|Timothy A. Barton and Steven T. Smith
MIT Lincoln Laboratory
244 Wood Street
Lexington, MA 02173-9108
tel: (781) 981-3278
Abstract Adaptive nulling algorithms require a good estimate of the interference covariance matrix. In situations with limited sample support, such an estimate is not available unless there is covariance structure to be exploited. In applications such as space-time adaptive processing (STAP), where one may be attempting to null clutter in range and doppler, the underlying covariance matrix may be structured (e.g., block Toeplitz), and it is possible to exploit this structure to arrive at improved covariance estimates.
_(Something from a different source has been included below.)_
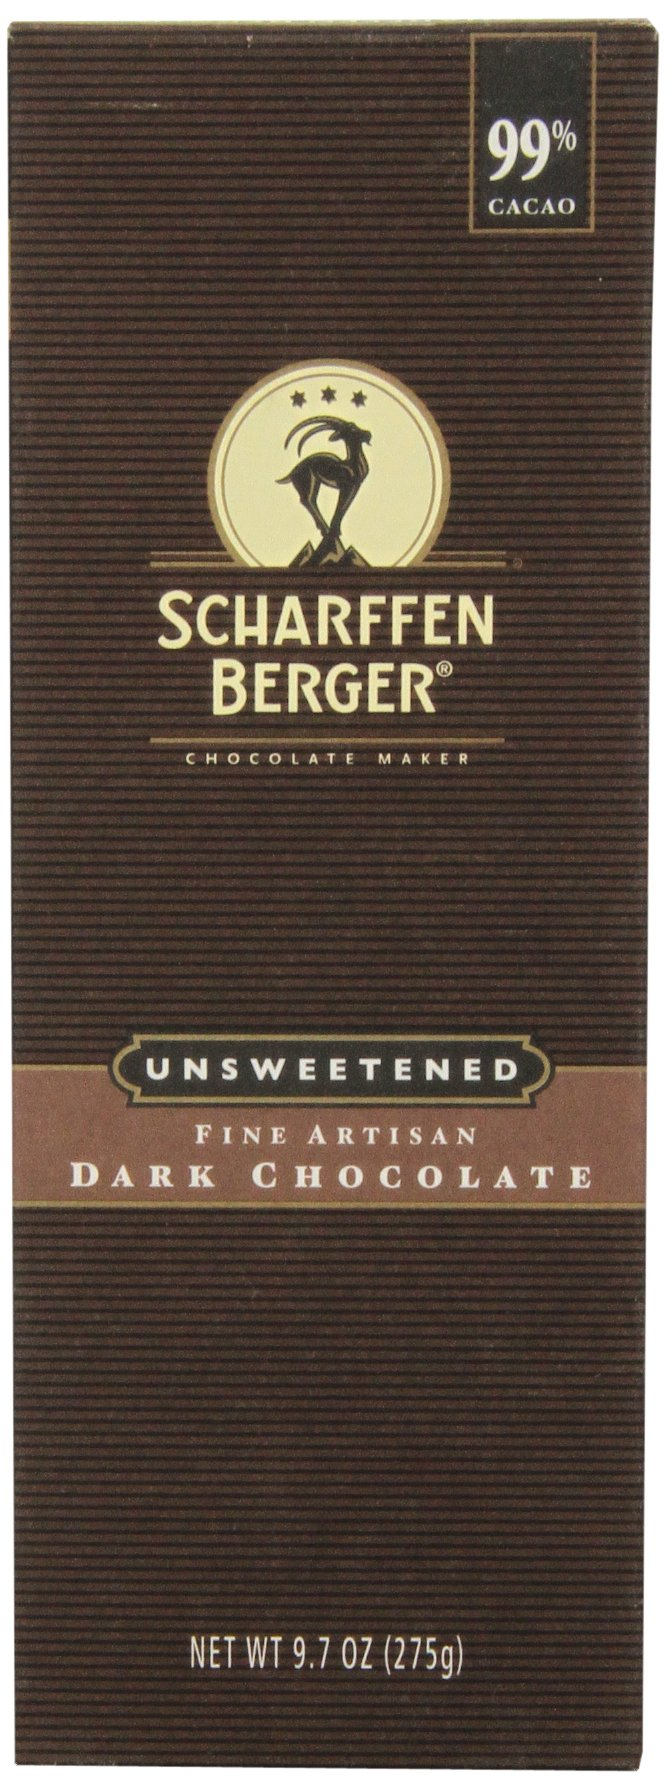 SCHARFFEN BERGER Dark Chocolate, 9.7oz, Unsweetened Chocolate

Several structured covariance matrix estimators have been proposed for this purpose, including estimators that project the sample covariance matrix into the structured covariance matrix constraint set, as well as maximum likelihood (ML) estimators. The efficacy of several of these are analyzed in this talk in the context of a fully optimum STAP algorithm as well as several reduced-dimension sub-optimum STAP algorithms. The SINR losses resulting from these different algorithms are compared. In particular, an example illustrating the superior performance resulting from a new maximum likelihood algorithm (based on the expectation-maximization (EM) algorithm) is demonstrated using simulation and experimental data from the Mountaintop data set. It is shown specifically that for a low sample support, positive definite, sample covariance matrix, the SINR losses achieved away from main lobe clutter can be much greater for the projection covariance matrix estimators than that achieved using the EM algorithm-based ML estimator. In addition, the doppler coverage near main lobe clutter may also be significantly reduced when using the considered non-ML covariance matrix estimators.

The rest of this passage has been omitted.